For the progressive goals of the Boudins (both of whom are white), Officer Waverly Brown, the first African-American police officer in Nyack, paid with his life.”
(Both of whom are white Jewish). There is a relevant distinction there, seeing as the Boudins likely care more about their Jewishness than some overarching theme of Whiteness. Many Leftist Jews see their historical entanglement with native Europeans (Germans, French, etc.) as one as the oppressed, which is part of the reason they pick up the social justice torches for Blacks–perceived allies in the broader struggle. Therefore, many don’t identify as White, despite appearing so.

Kathy Prendergast
Kathy Prendergast
2 years ago
Reply to  Wilmot Britt

They’re not religious Jews, though.

Robin Lambert
Robin Lambert
2 years ago

Looks like Bye bye..

myaglubpanny
myaglubpanny
2 years ago

BECAUSE it is all about BEHAVIOR, CONDUCT, CHARACTER. NOTHING is about race–to suggest so is a fallacy. There are many other races who have acculturated to the melting pot that is America, but those who have not–are causing the problems.

JP Edwards
JP Edwards
2 years ago

And the ongoing problem with human faeces littering the streets as the liberal policies seem to have driven up the numbers of drug addicts and homeless.
https://youtu.be/ld6qYJe4pRs

Steven Campbell
Steven Campbell
2 years ago

The local Chinatown activist seems to think that the released prisoners are all Trump supporters just trying to go after Asians because of what he said about China.

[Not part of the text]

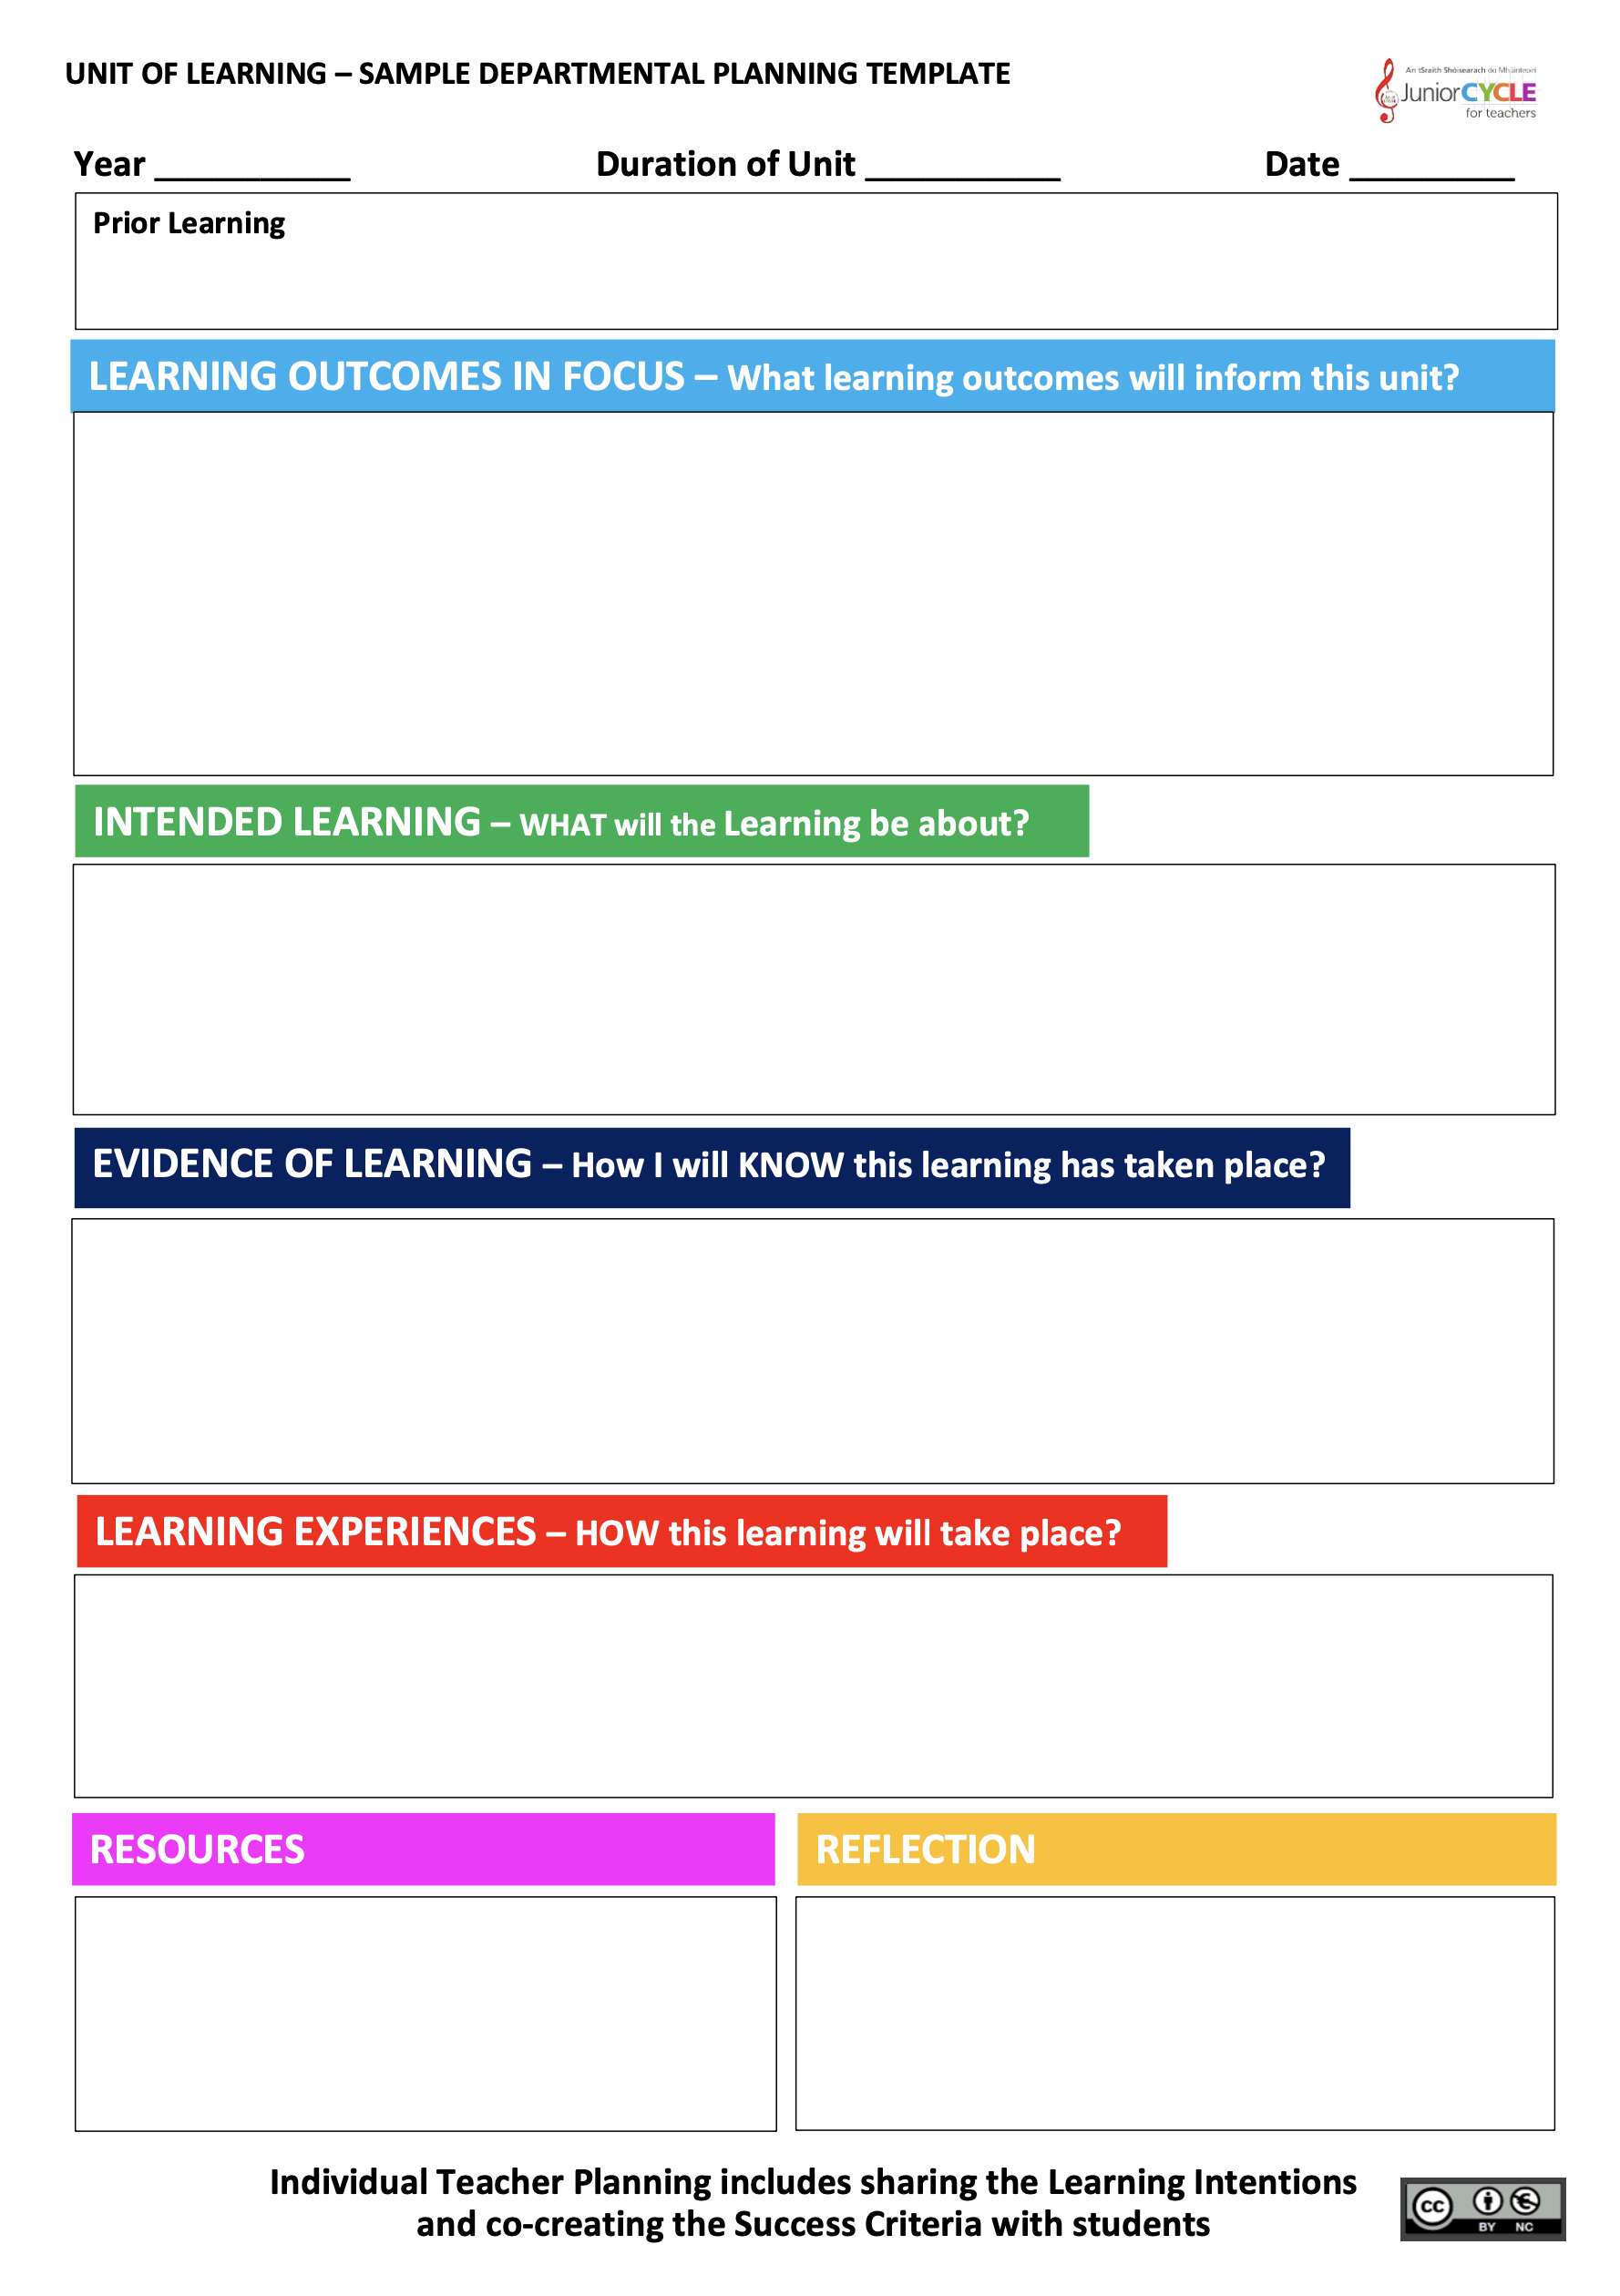 Sample Unit of Learning Planner - PDF PRINTABLE

From such great thinking are cities destroyed.

Cynthia Neville
Cynthia Neville
2 years ago

Wish you wrote more.

N Millington
N Millington
2 years ago

By the stats its still no worse than Dallas.

Kathy Prendergast
Kathy Prendergast
2 years ago
Reply to  N Millington

In terms of crime rate, or just quality of life in general?

N Millington
N Millington
2 years ago

Crime rate is comparable. Quality of life self reported vastly superior I believe.

mark taha
mark taha
2 years ago

The guy’s a jerk but America does imprison too many for too long. No victim,no crime.

Annette Kralendijk
Annette Kralendijk
2 years ago
Reply to  mark taha

America imprisons too many criminals? Which ones would you like not to imprison?

Kathy Prendergast
Kathy Prendergast
2 years ago
Reply to  mark taha

“No victim, no crime”…Does that include theft?